Reputation: 1815
I am trying to explore OFS (Offline file system) built on the top of FUSE and still exploring it.
http://offlinefs.sourceforge.net/wiki/
I installed it on both Fedora and Ubuntu 14.04,however whenever I try to mount any local directory using mount utility, I get the “Transport endpoint not connected” for mount directory.

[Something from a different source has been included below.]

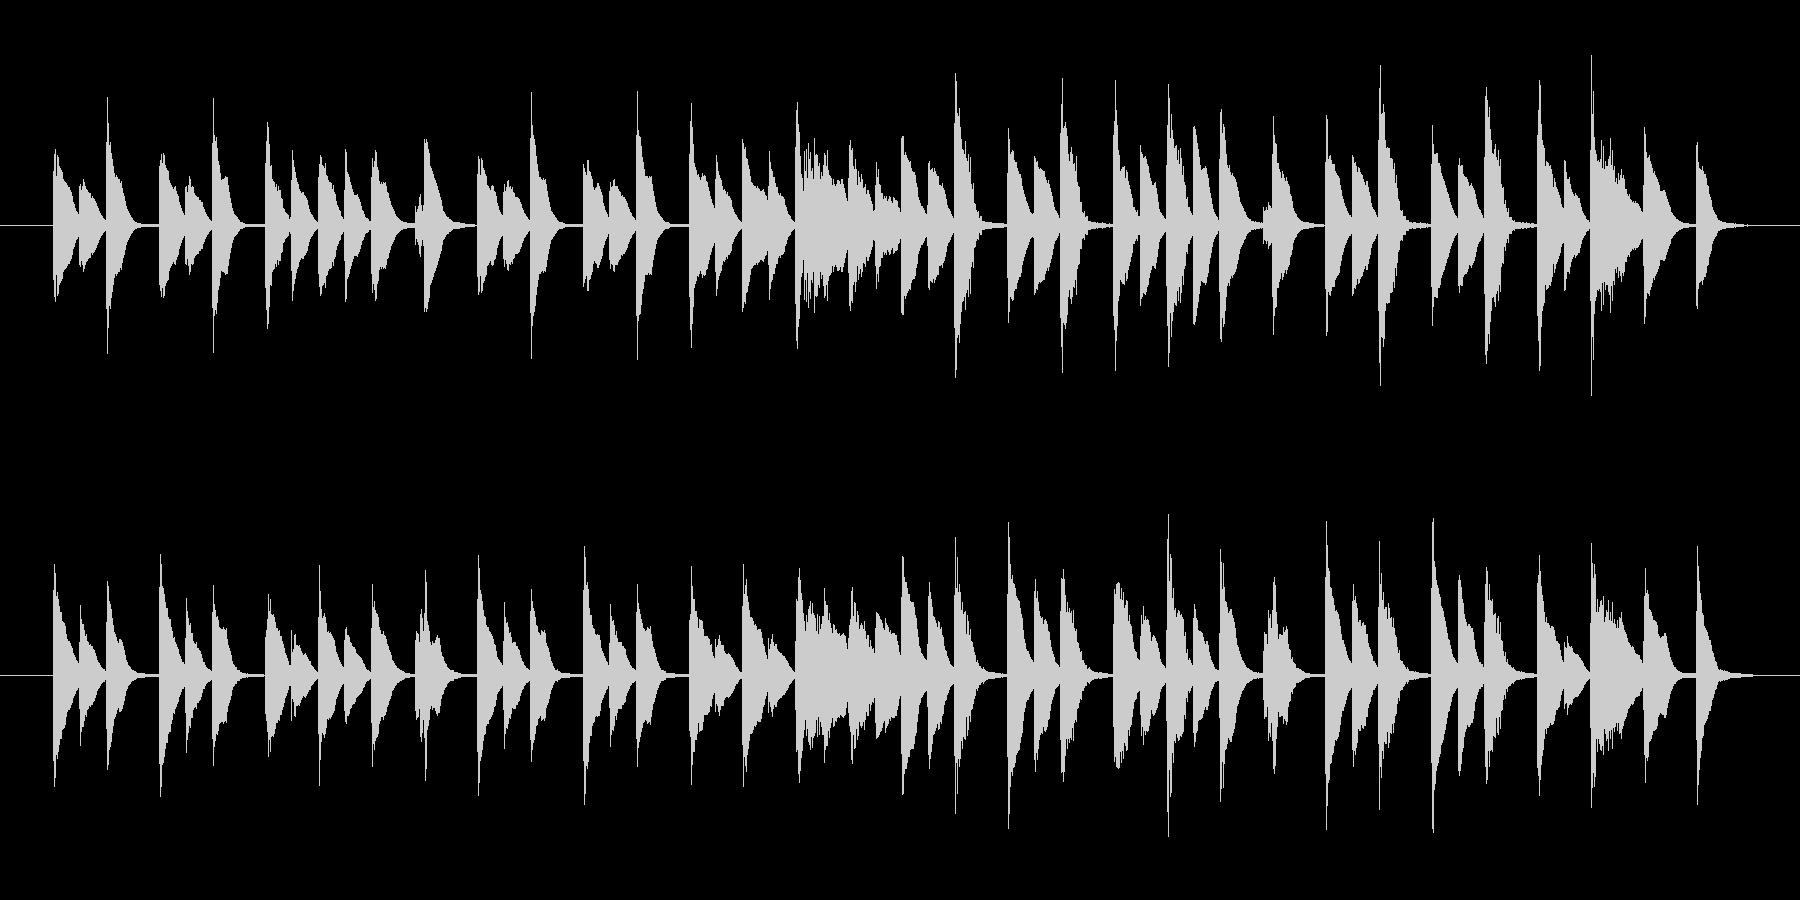 ナレーション系CMに最適軽快なピアノ曲の未再生の波形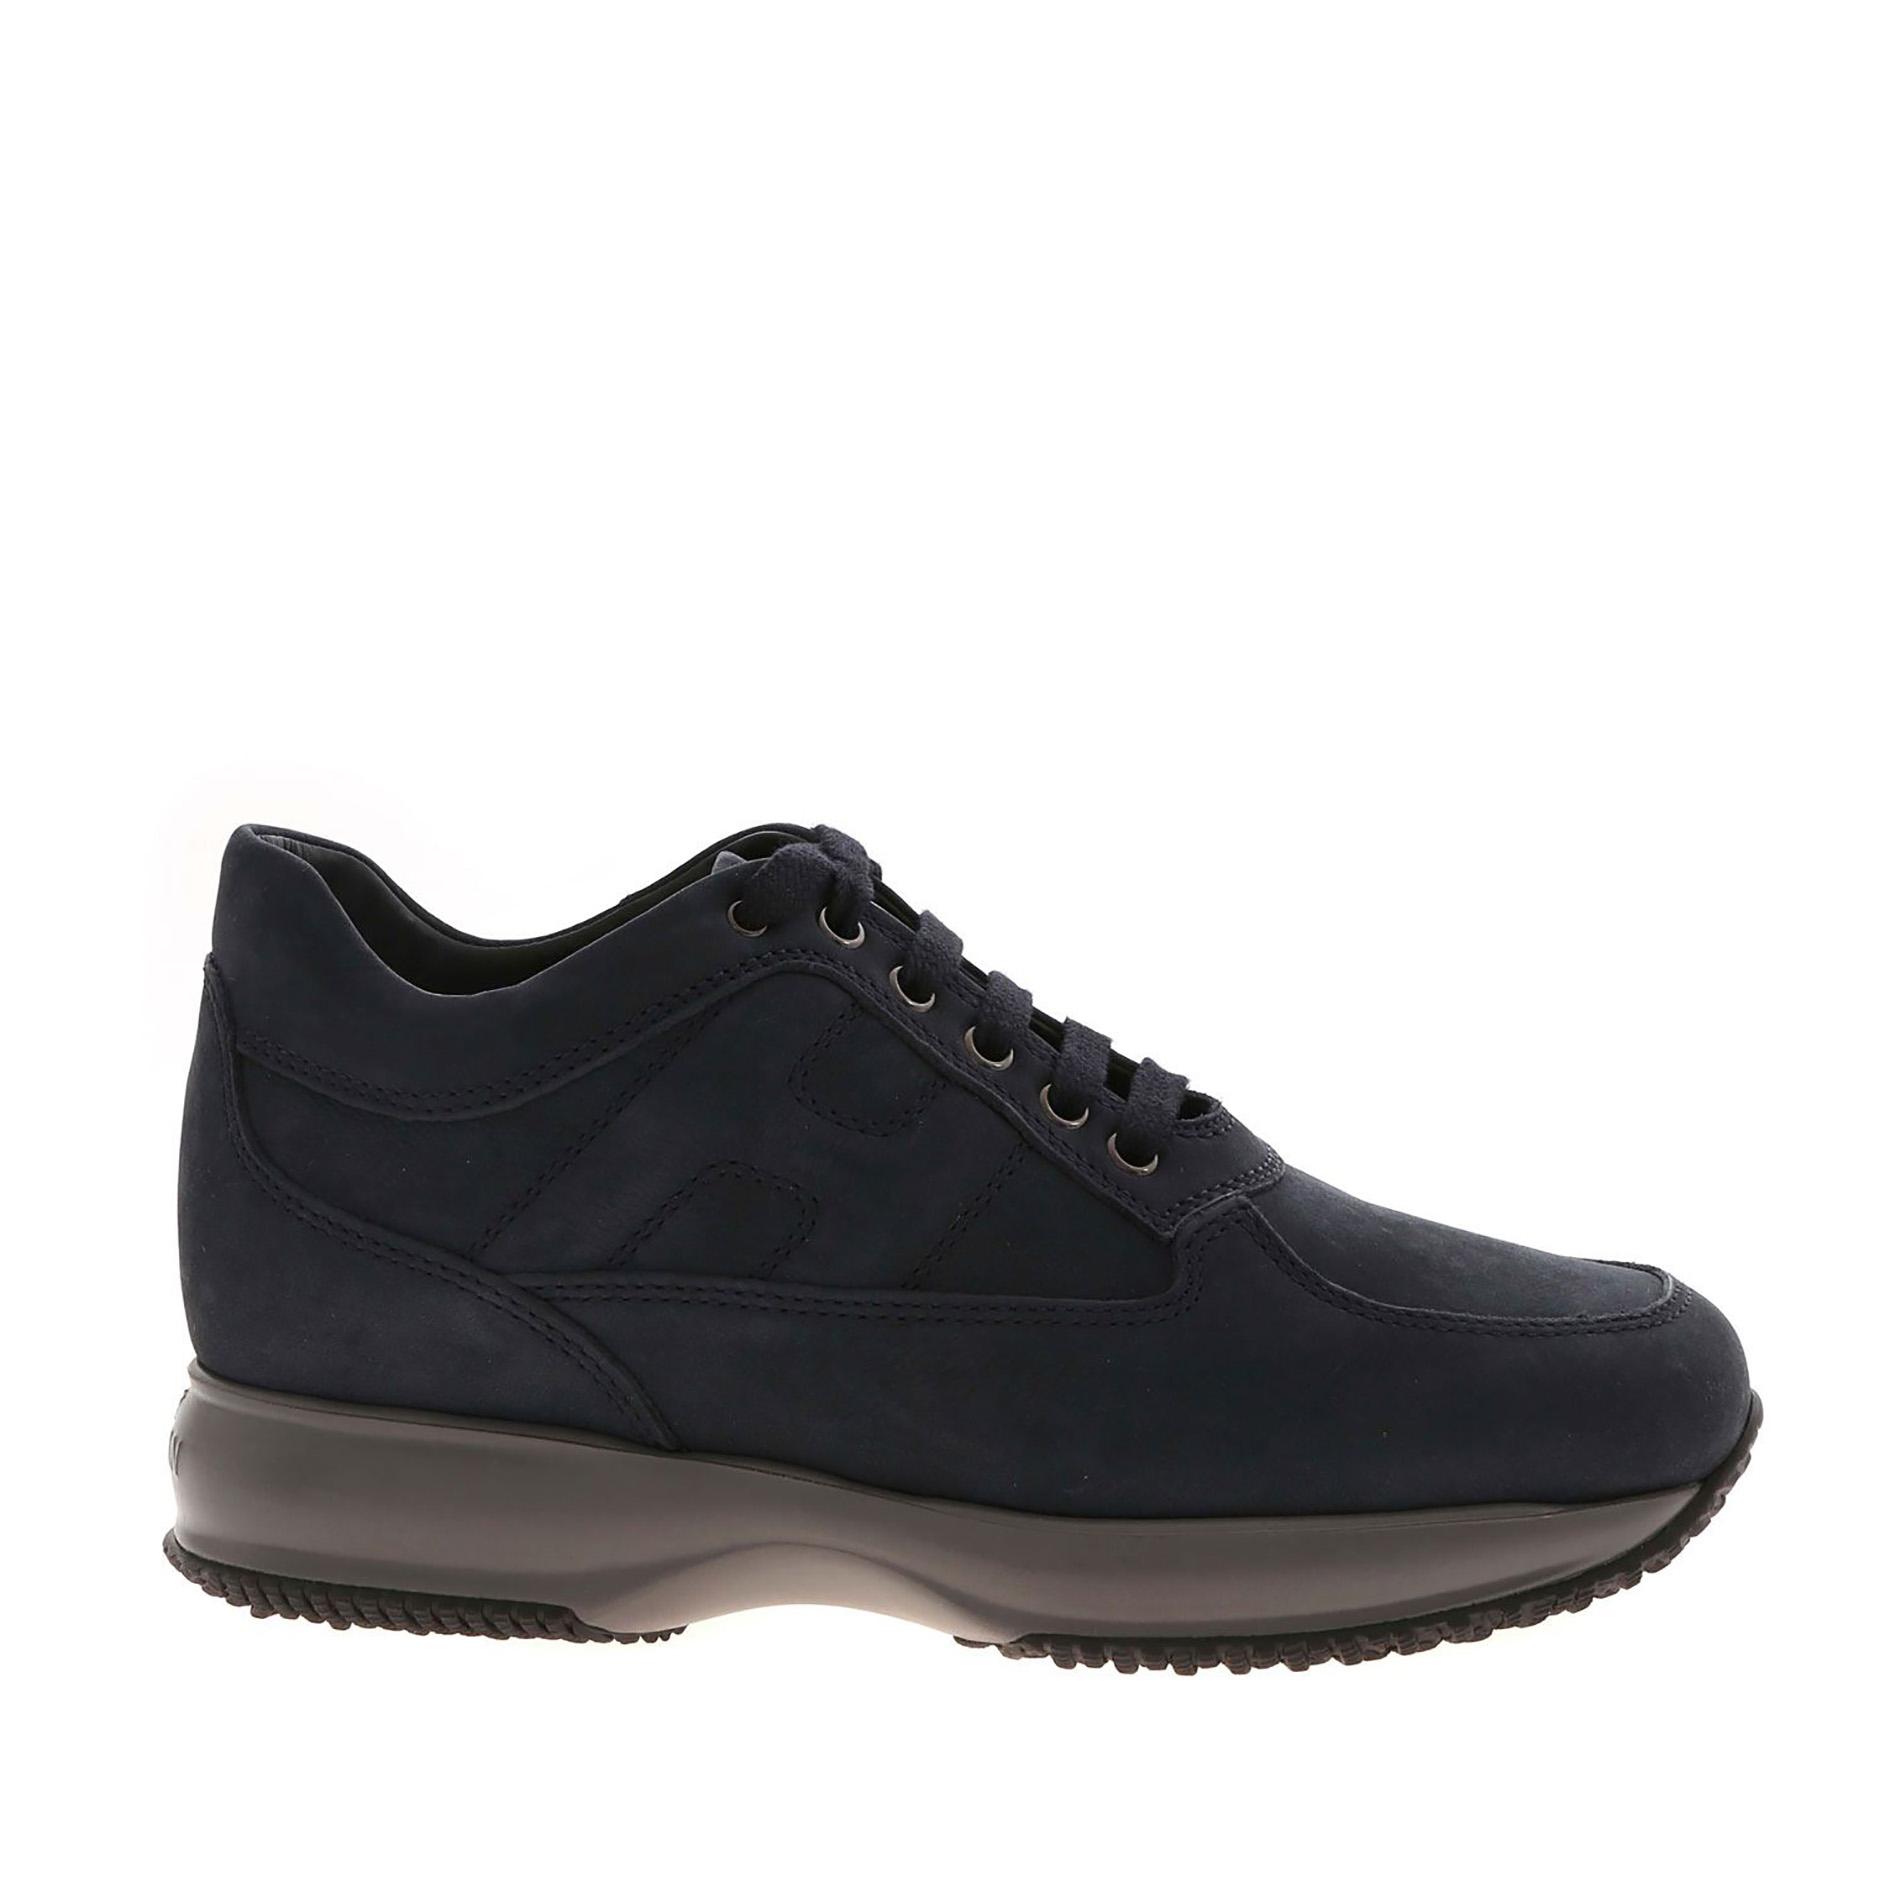 Sneakers Interactive Hogan HXM00N000106RNU810 -A.1

This is how I am running it :
mount –t ofs file:/home/user/Downloads/src /home/user/Downloads/mountdir
The above executes without error and if I run mount command on ../mountdir ,it correctly says
ofs on /mountdir type fuse.ofs.
However when I try to browse /mountdir I get “Transport endpoint not connected”.I even tried unmounting and restarting the machine,no use!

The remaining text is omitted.